Юрий даже с уважением взглянул на Ивана: и впрямь умён. Но и сомнение его царапнуло: уж не против ли его, Юрия, хитрит братка? Столкнёт их лбами с боярином, а у Акинфа Гаврилыча лоб тоже, чай, не из теста, а из кости - зря что ли его Великим-то кличут?
Юрий усмехнулся:
– Чтой-то ты брат на того боярина зуб навострил?
Иван тоже усмехнулся, но зло:
– А не нравится он мне, брат.
– Пошто?
– Не знаю. Но от великого князя так просто не бегают.
– Иван взглянул на Юрия с прикидом: стоит ли говорить, и продолжил: - А может, он дядей-то к нам на Москву нарочно послан, с доглядом?
– Ну уж, - усомнился Юрий, - чай, боярин, а не шишига какой!

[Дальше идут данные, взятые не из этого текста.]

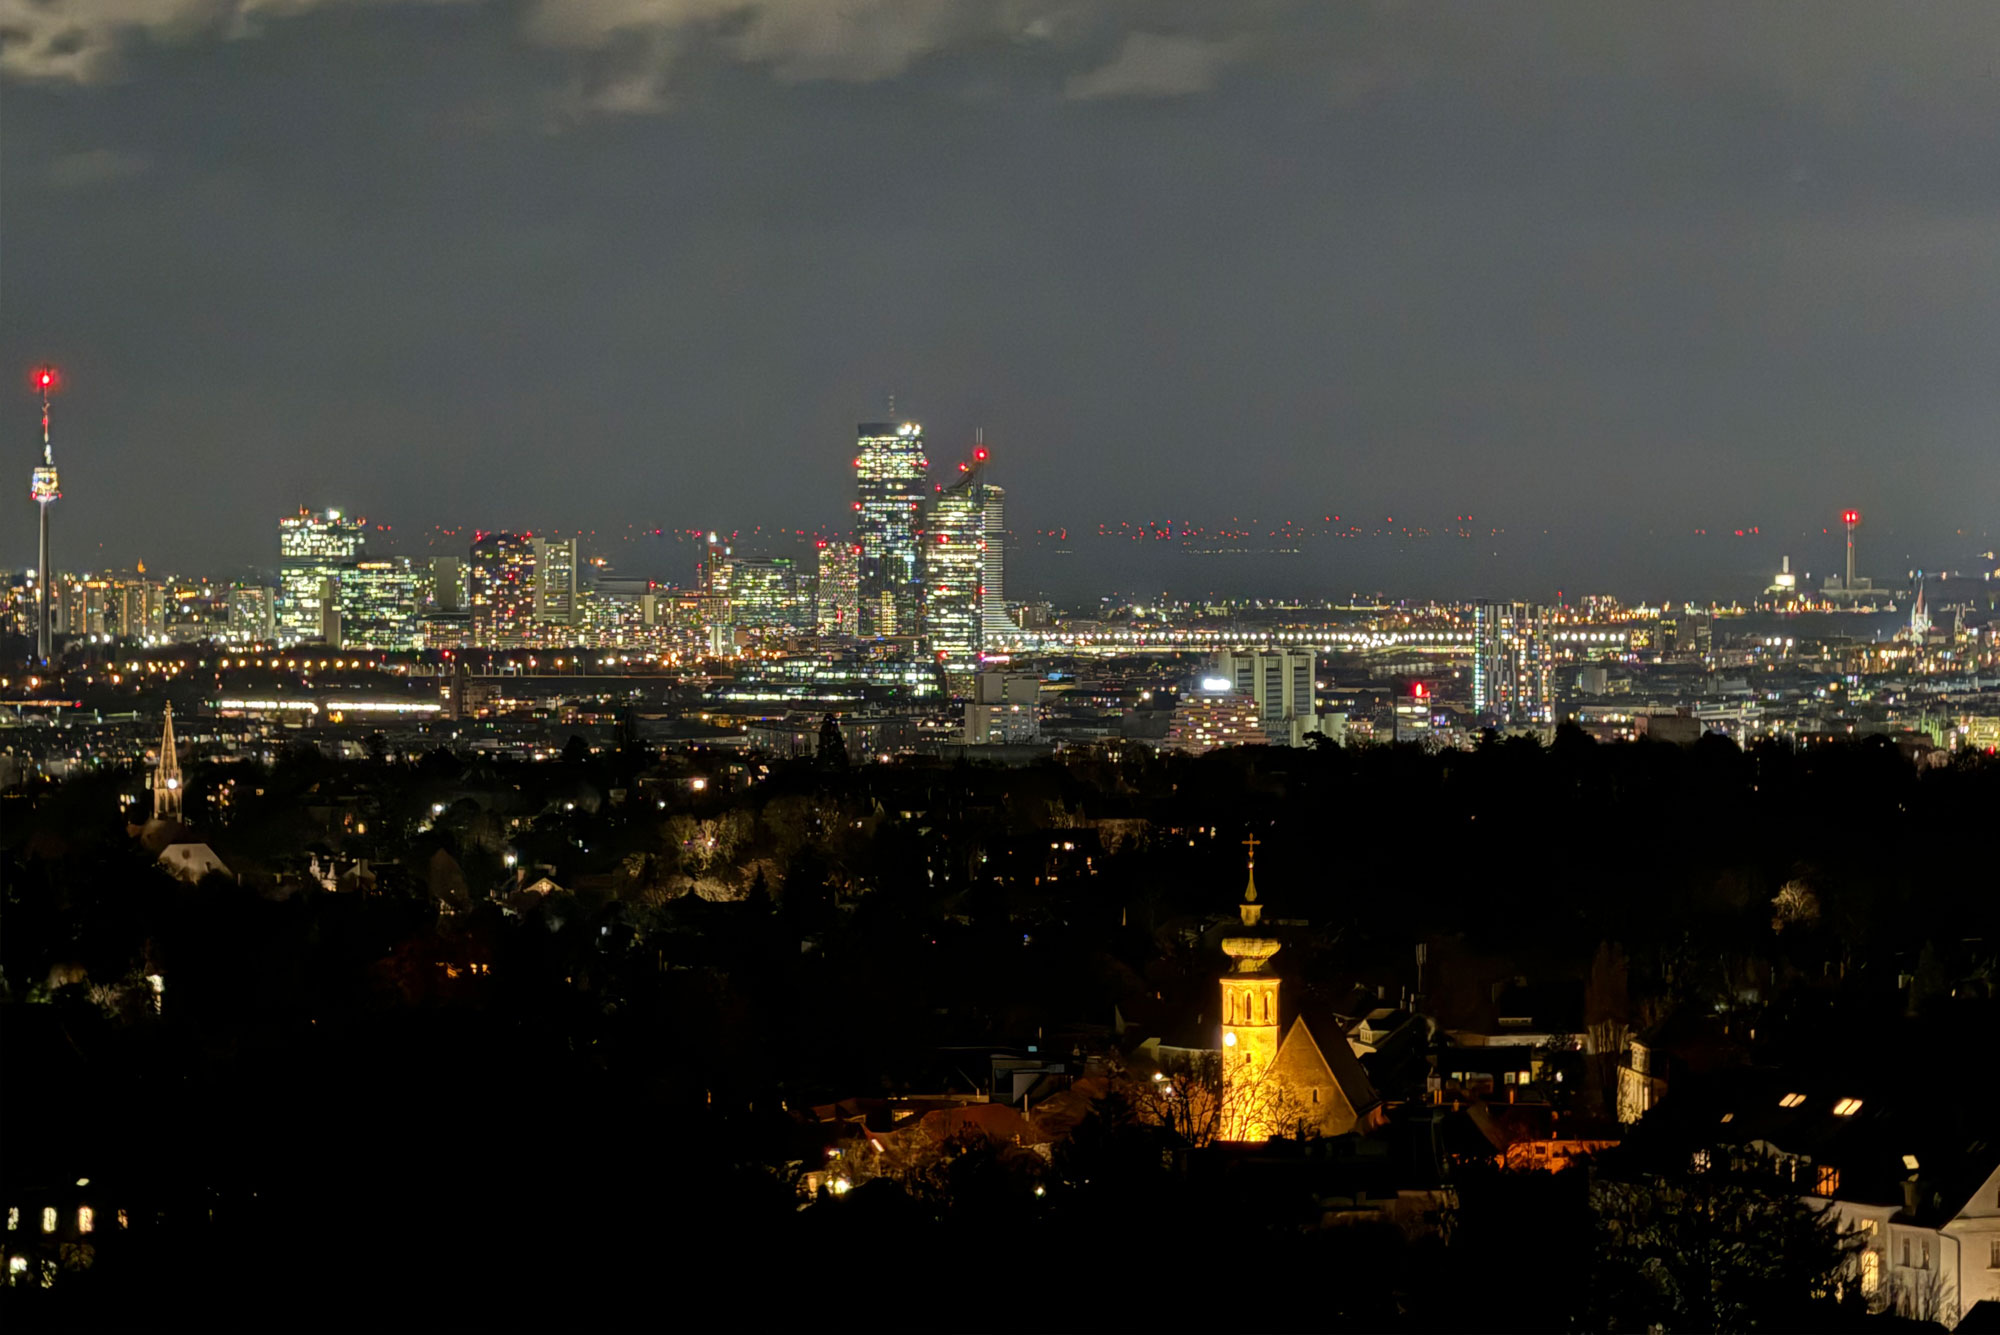 nightview over Vienna from Eventlocation am Reisenberg

– Ладноть, - готовно согласился Иван, - я того тебе про Акинфа Гаврилыча не говорил.
– И всё же не удержался, ещё мазнул боярина дёгтем - знать, отчего-то сильно он Ивану не нравился: - Больно уж жаден. Сам-то без трёх дней на Москве, а уж сети-то вона как далеко кидает.
«Эвона что!» - усмехнулся про себя Юрий и рассмеялся;
– Али боишься, что на Москве кто объявится жаднее тебя?
Скаредность Ивана сызмала служила поводом к насмешкам для тех, кто мог позволить себе посмеяться над княжеским сыном. Впрочем, и для всей Москвы то не тайна была. Мальцом ещё Иван бегал на конный двор - доглядывал за холопами, полной ли мерой они коников кормят? И просвирку, между прочим, про которую Юрий-то помянул, как-то в Божий праздник стянул из-под носа дьячка не в очередь. Да ведь не одну! Матушка-то глянула и обомлела: у Вани, которому было тогда лет шесть, полная пазуха теми просвирками набита.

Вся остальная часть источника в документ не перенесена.